▶ _Task description_
Within the entries below, output exactly the lines between the line containing "Alternate Image 1" and the line containing "bride groom dancing", inclusive, and omit any picture.

▶ _Dataset entries_
*** Begin section ***

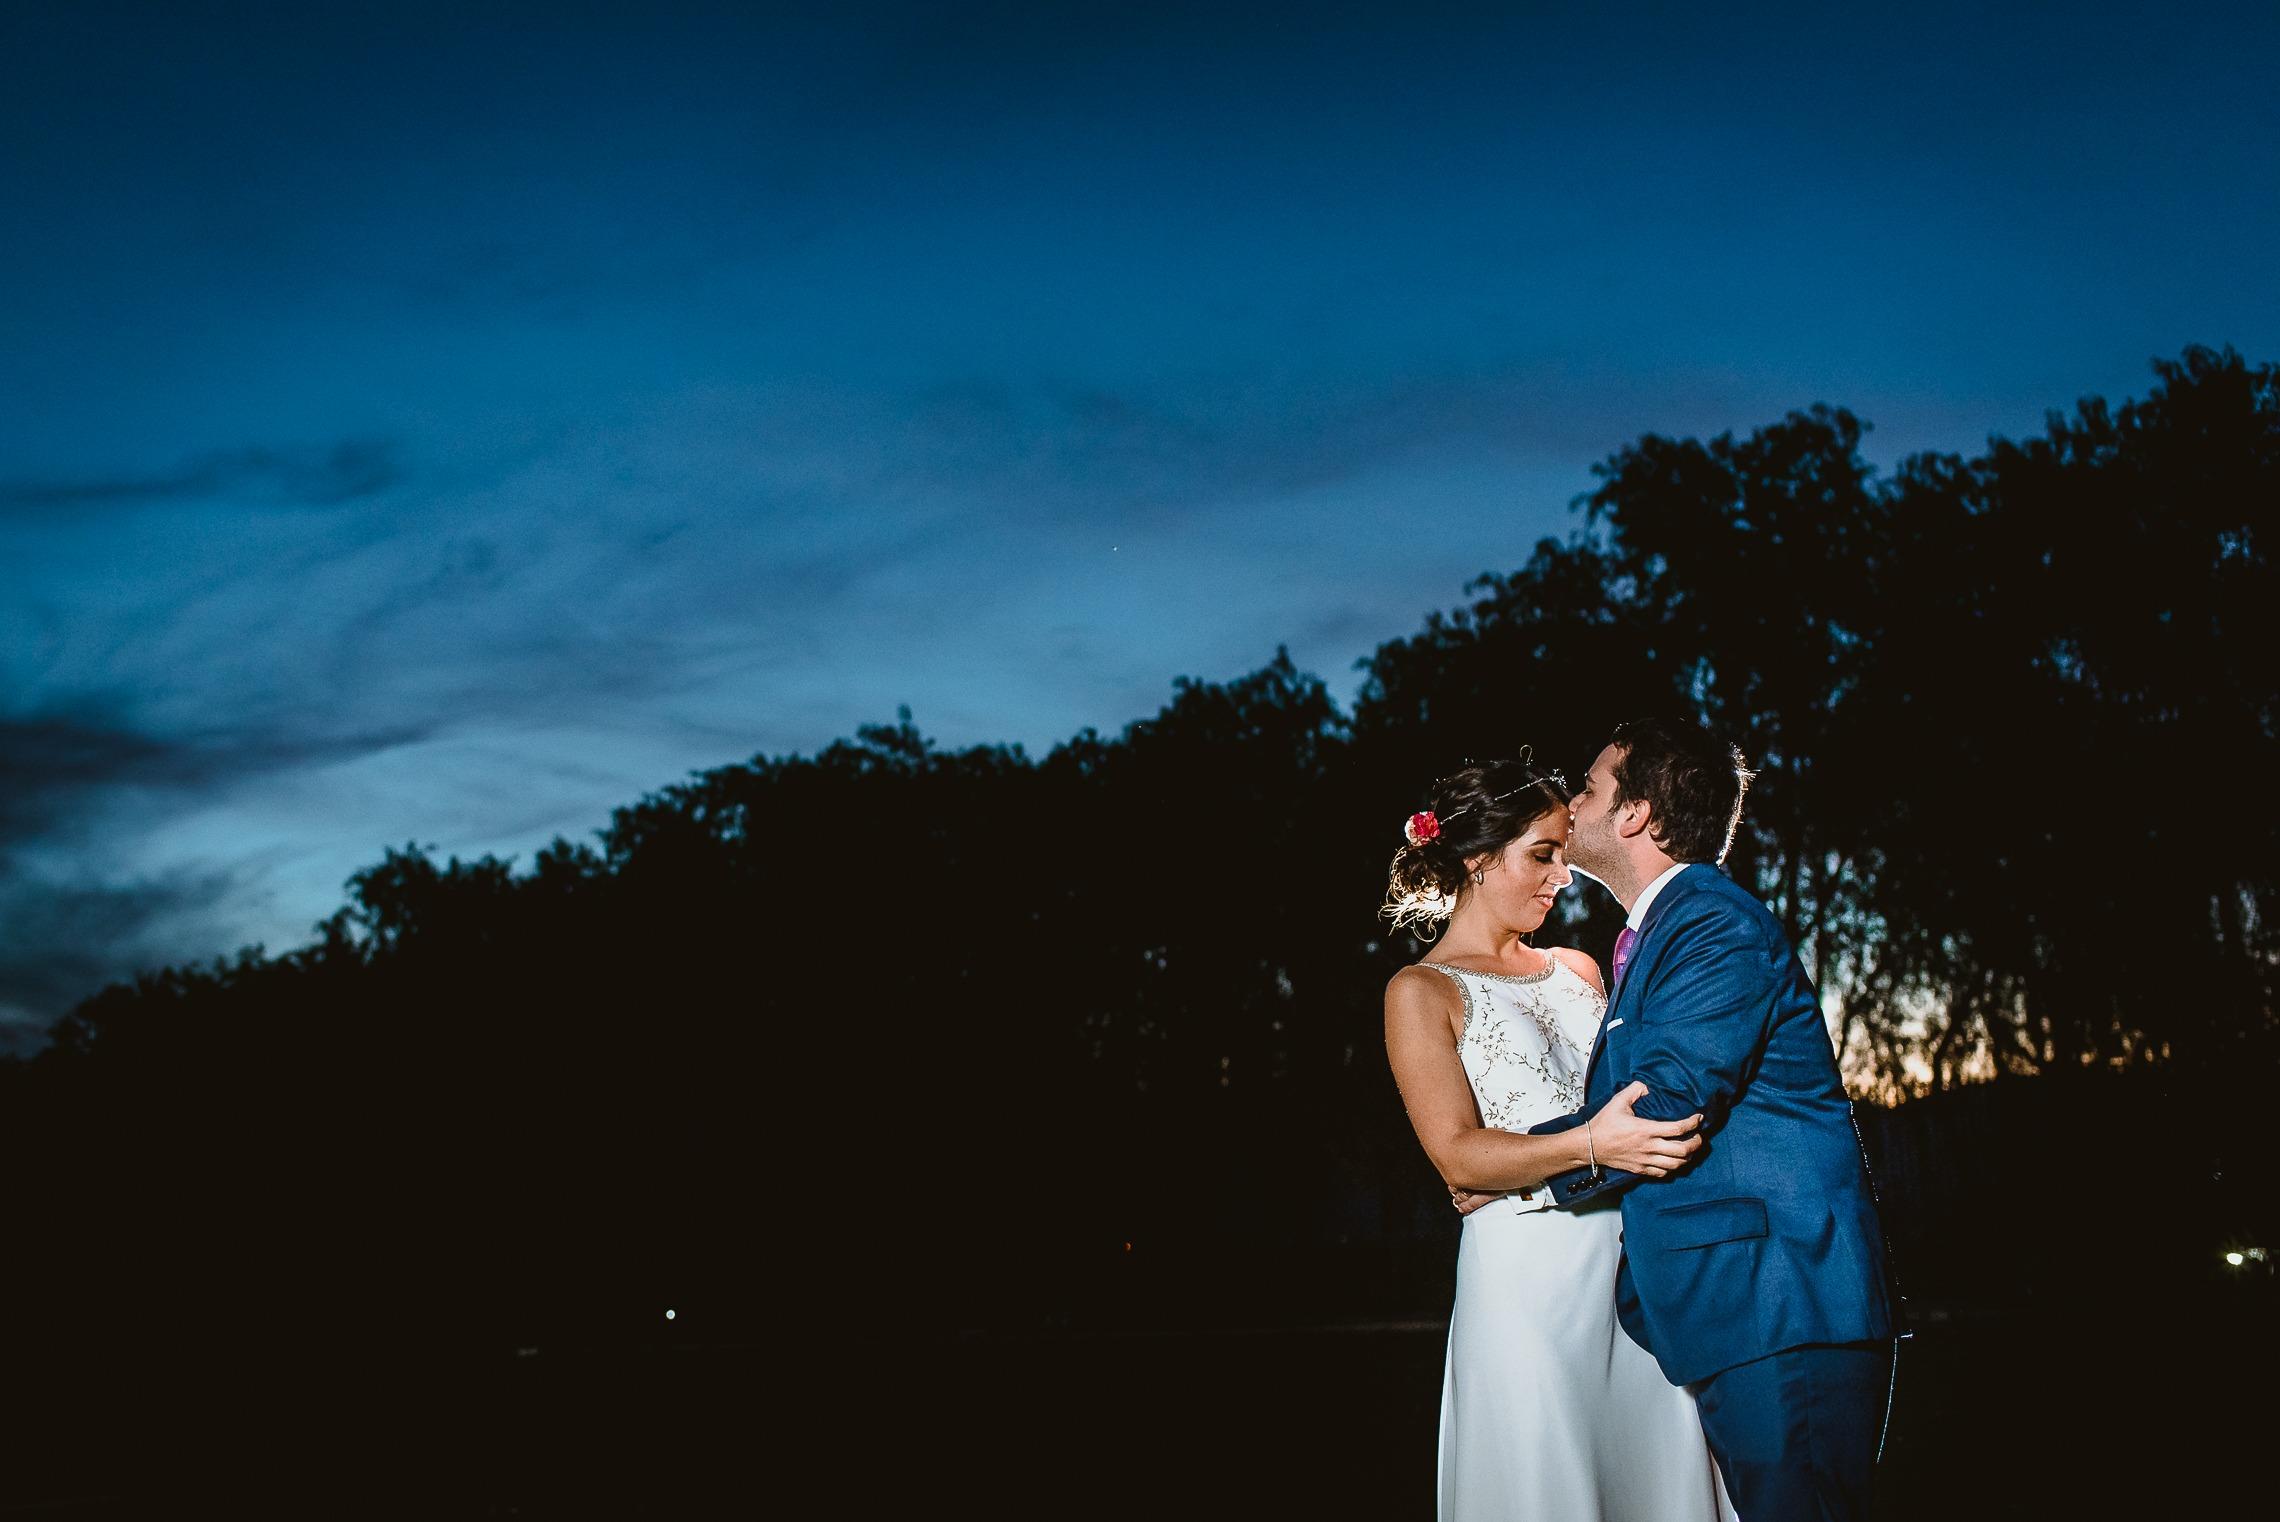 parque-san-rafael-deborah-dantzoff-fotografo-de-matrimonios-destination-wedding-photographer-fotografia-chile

*** End section ***
*** Begin section ***

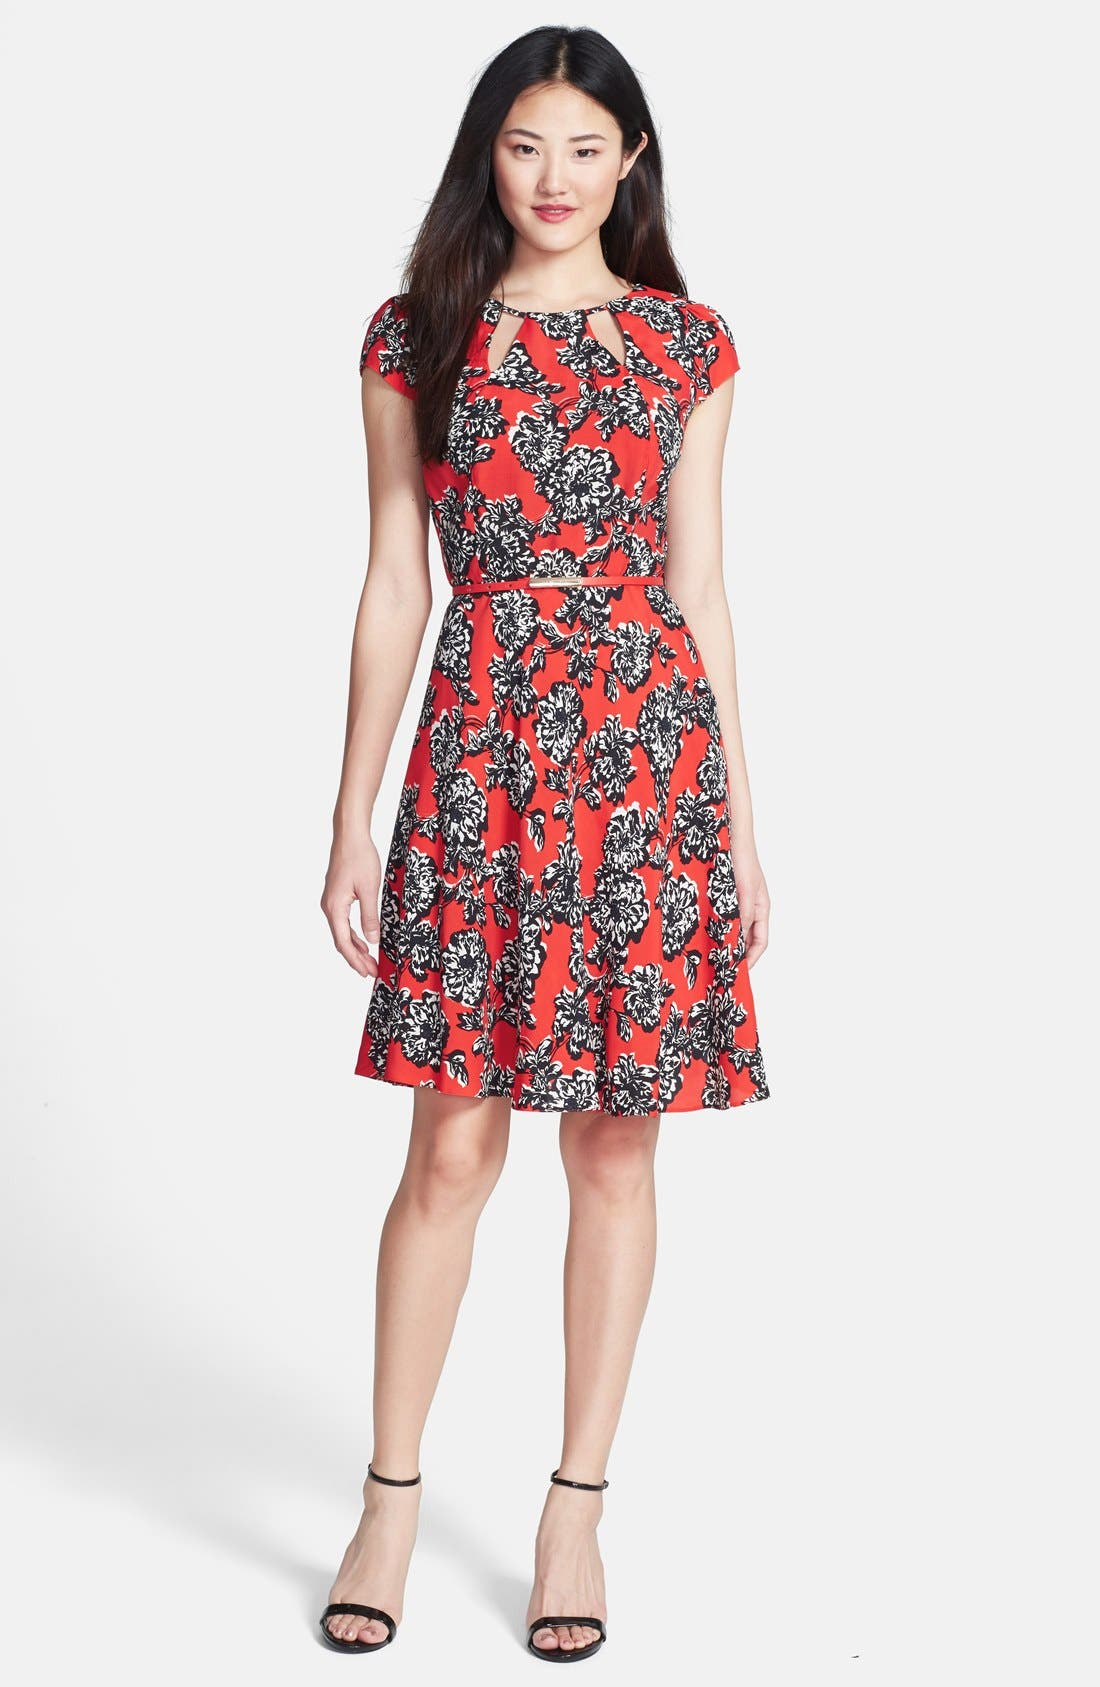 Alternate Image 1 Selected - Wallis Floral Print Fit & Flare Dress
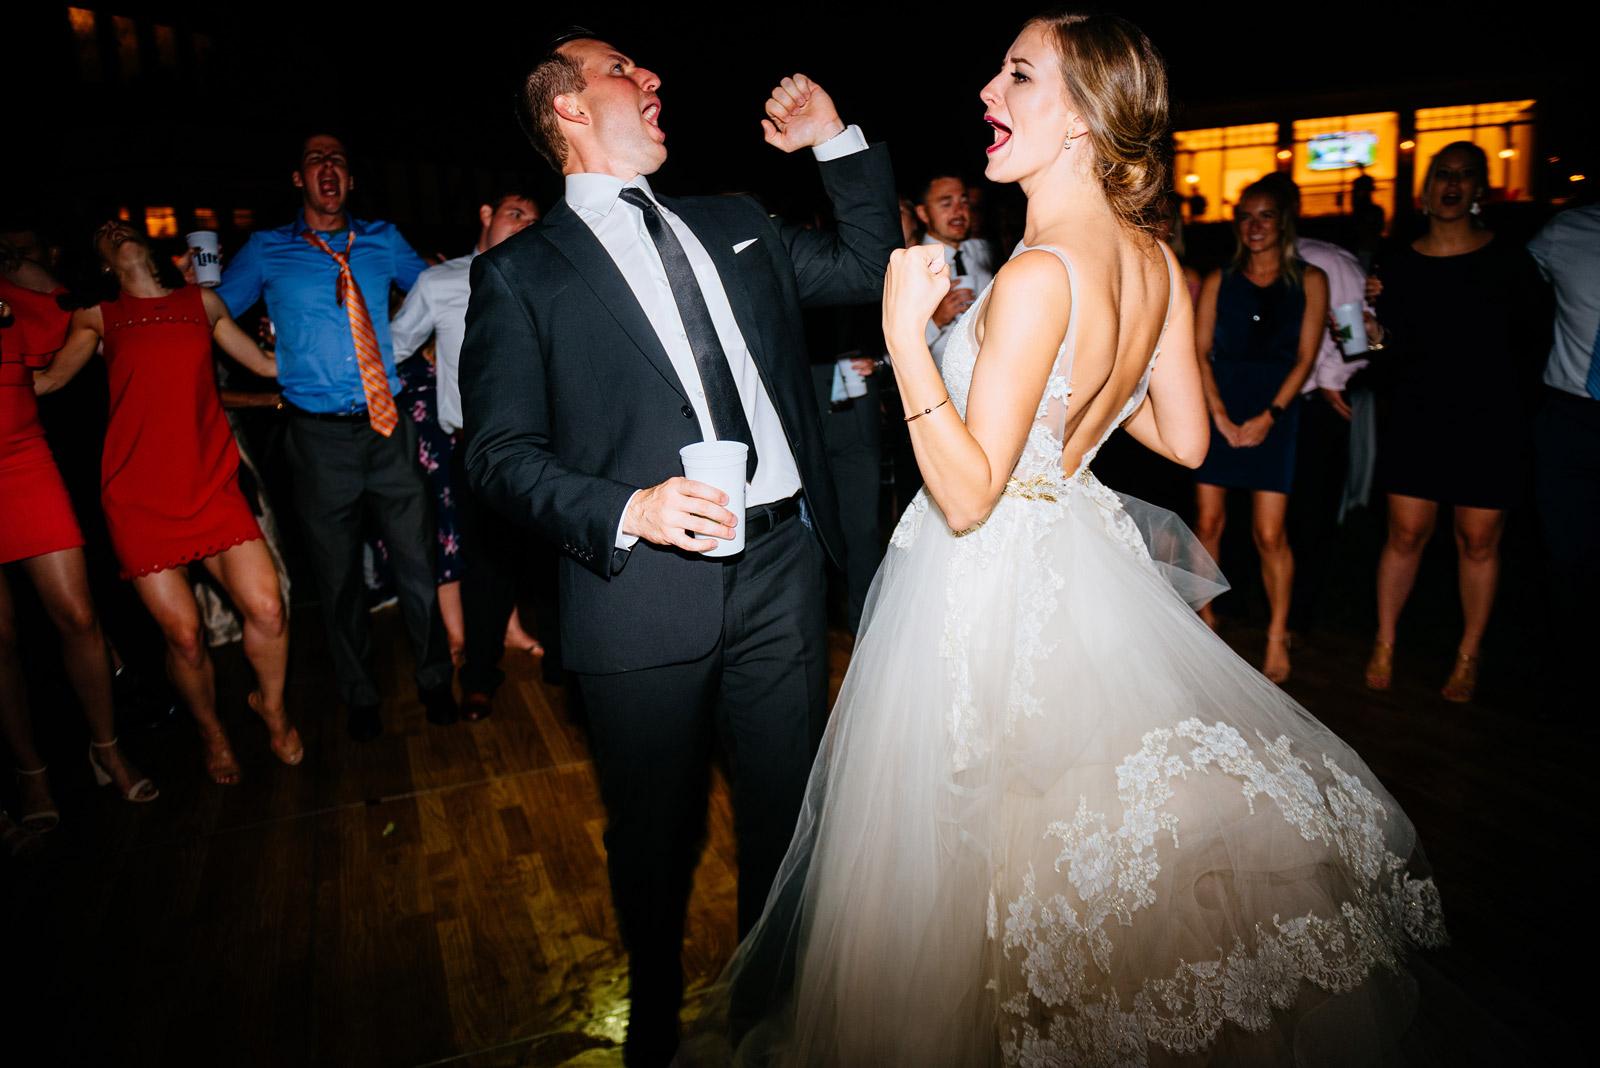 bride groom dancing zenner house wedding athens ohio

*** End section ***
*** Begin section ***

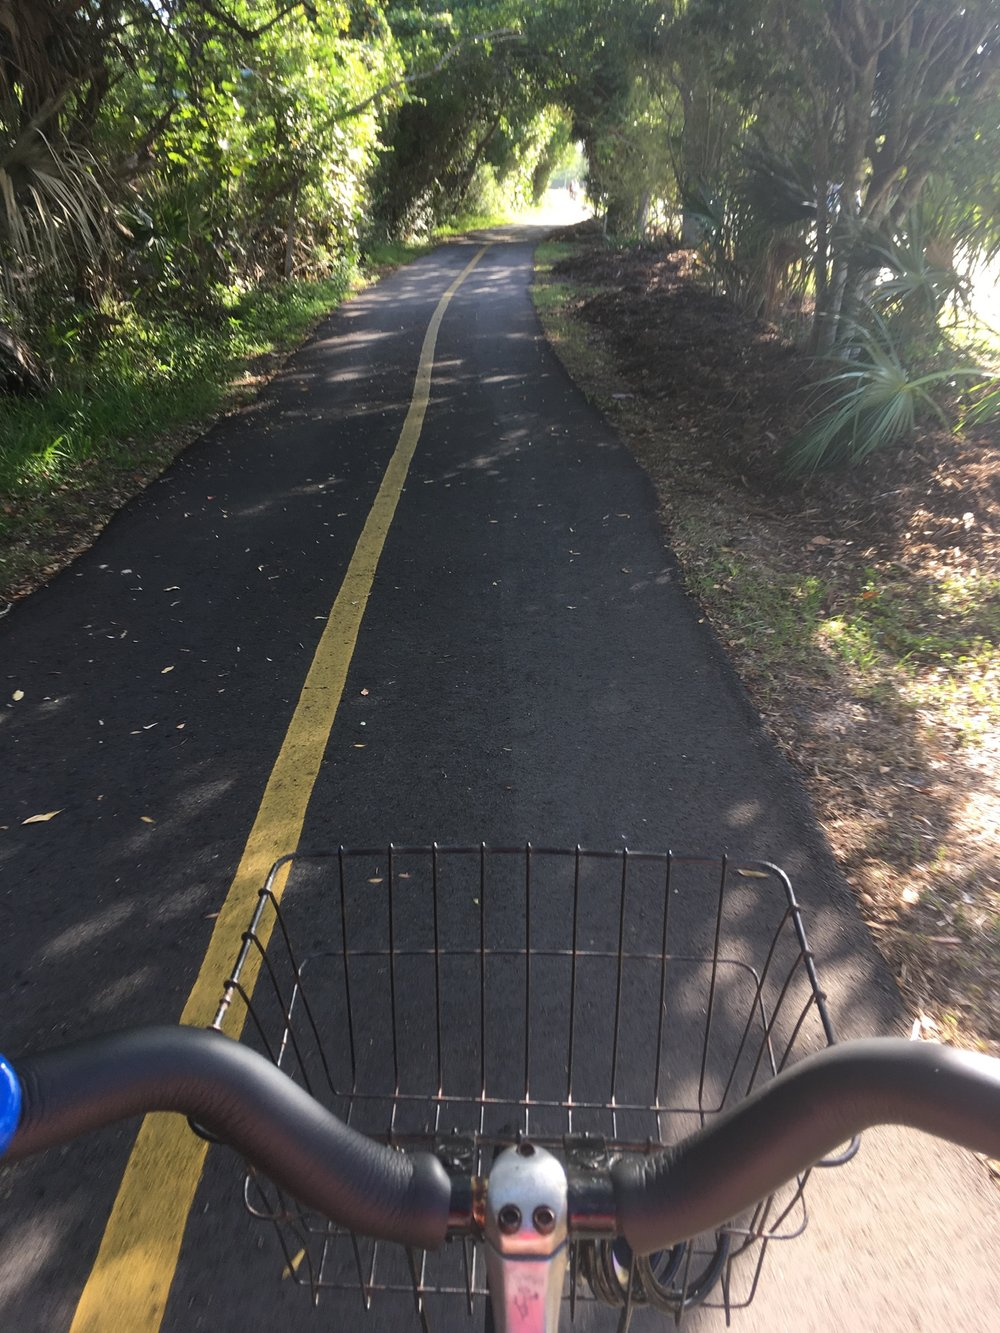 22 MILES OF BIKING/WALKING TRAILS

*** End section ***

▶ _Task response_
 Alternate Image 1 Selected - Wallis Floral Print Fit & Flare Dress
 bride groom dancing zenner house wedding athens ohio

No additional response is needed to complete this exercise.